Is my doctor's approach normal?

ChesterandRally

So I had a double mastectomy 2 years ago. No chemo. My onco doctor had me take amidex. After 7 months I stopped taking it. My doctor says he does not need to see me because he is not treating me for anything since I stopped the amidex. He says I got rid of the cancer by having a double mastectomy. He says that blood tests are not necessary because they will only show cancer markers if there is cancer present. He offers no MRI's. No 6 months visits. I finally got him to agree to a 6 month chest wall exam. (I check myself but want someone else to do it every so often.) He will do bone density test because I have osteopenia. I don't know if this is what happens to others or not. Has anyone had this same experience? I hear from others (they have higher stage cancer than I do) that they have all these tests and see the doctor every 6 months. Don't know if I should have a second opinion or not. I hate to start from scratch.

Thanks for any insight you can give.

Peacetoallcuzweneedit

I had double mx + recon..I did no chemo and no hormone therapy.

I see my breast surgeon every 6mos for 5years - and because I have implants she will do annual MRI I think for two years and then every three. I am working with my PCP for a colonoscopy and already got a bone density exam. I see oncologist once a year and kind of had to pull teeth to get her to agree...but she said until I am comfortable she will do that....

mittmott

I was cut loose from my onc also because I wasn't on anything and they said they weren't treating me with anything either.. My medical dr. didn't feel comfortable with that and sent me to see another onc. We discussed it and she said, no it's not something that has to be done, but she agreed with my reg. medical dr. that there was no harm in seeing me once a year, running blood work, and physically checking me. I had cancer twice in the same breast, but both times stage 1... I see her once a year now

farmerlucy

I'm in year seven now (wow, how did that happen?).I have stopped HT. This year we agreed that I should stop yearly MRIs. I'll see her once a year until she kicks me out. I just feel good having a safety net in the event something comes up. Plus I consider her a beloved friend, and I like to catch up with her.

gb2115

I can sort of see it since she's not actually treating you for anything. They really don't do the blood work unless there's reason to. It's not standard anymore in early stage cancer.
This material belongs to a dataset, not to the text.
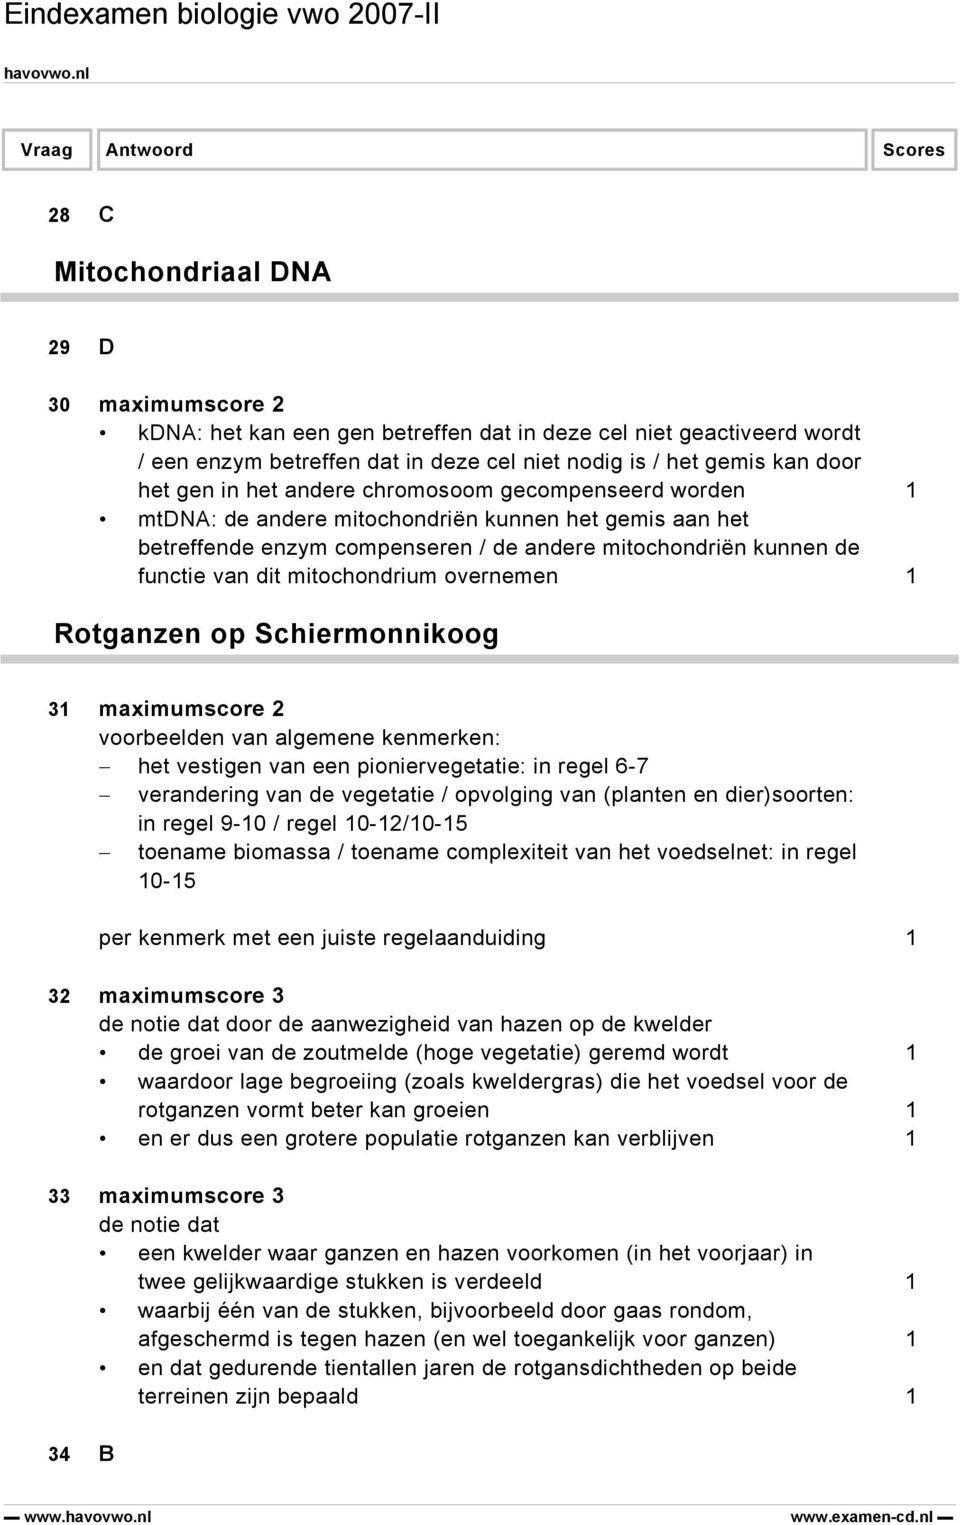 overnemen 1 Rotganzen op Schiermonnikoog 31 maximumscore 2 voorbeelden van algemene kenmerken: het vestigen van een pioniervegetatie: in regel 6-7 verandering van de vegetatie / opvolging van

Chest wall exam to be sure, but PCP or surgeon can do this. Even your GYN. I imagine you are still seeing your surgeon, right? If your MO really doesn't want to do it you can find someone who does.

The big thing is watching for changes or symptoms that last longer than 3 weeks. That's what my MO said (though I see one of my cancer team every 3 months for breast exam). Then they start looking to see if there are problems. There's nothing they can do to prevent metastatic spread if you aren't taking meds, so all you can do is wait to see if something pops up.

dtad

Hi everyone...agree with all of the above. I only see my breast surgeon once a year. All he does is physically examine my foobs for a local recurrence. I do not take an anti hormone so I do not see a MO. The protocol is to report any new symptom that lasts for more than 2 weeks. Unfortunately at that point it would be stage 4. IMO we can do better.

ChesterandRally

Thanks to all of you who relied to my post. It helps alot. I think I will ask my PCP about my care and get her opinion and also check with my surgeon's office. My GYN did a chest wall exam early on but she said she did not really know what she was feeling for and there is so much scar tissue that I am sure it is pretty hard to tell. I guess my biggest concern is the fact that there seems to be no way to "catch" it early. I found my cancer by doing a mammogram and that option is not available to me anymore. This probably sounds stupid but what symptoms am I looking for? I know the ones for local recurrence, red rashes that don't go away, etc., but how do I know what else to look for. I ask my onco doc and he just says "you'll know". I feel like an island on to myself, with me being fearful that everything I feel is cancer and I don't want to live in fear. I agree with the post that says "we can do better". I realize that there are people way worse off than me but you just want your doctor to care and comfort. That's the unfortunate part of cancer being so huge. It has to be massive for the docs and they are trying to take care of the people who are in worse shape. You almost get penalized because you had stage 1.

Thanks again

theresa45

While you are examining your breasts, check lymph nodes in your neck, by your collar bone, and in your armpit. If you feel a lump, see your surgeon or oncologist. Also, pay attention to any bone pain, especially in your hips or back. Anything that lasts for more than a couple of weeks should be checked. Ask for a biopsy or a PET/CT scan if something does not feel right. Doctors sometimes ignore symptoms in Stage 1 patients, assuming it's nothing. Many Stage IV patients have regretted following their doctors "wait and monitor" approach. While the odds are in your favor, Stage 1 patients definitely do recur. As for monitoring, you should see your oncologist or surgeon every 6 months for the first 5 years for a chest and lymph node physical exam. I had a bilateral mastectomy, so I didn't have yearly mammograms or MRIs. Finally, I would reconsider continuing on hormone treatment of some type at least for 5 years. I know the side effects can be extremely tough, but sometimes they subside with time and sometimes switching hormone treatment can make all the difference. Hormone treatment significantly reduces the risk of recurrence. Exercise and a low-sugar diet is also a good idea. Minimizing alcohol, red meat and non-organic dairy is also a good idea. Hopefully you will never have to deal with breast cancer again, but don't let any doctor make you feel as if you don't deserve attention because you were Stage 1. Wishing you all the best!

moth

ASCO has survivorship guidelines. It doesn't necessarily have to be your MO doing it, it could be your primary doc but I think it makes sense to follow the schedule recommended.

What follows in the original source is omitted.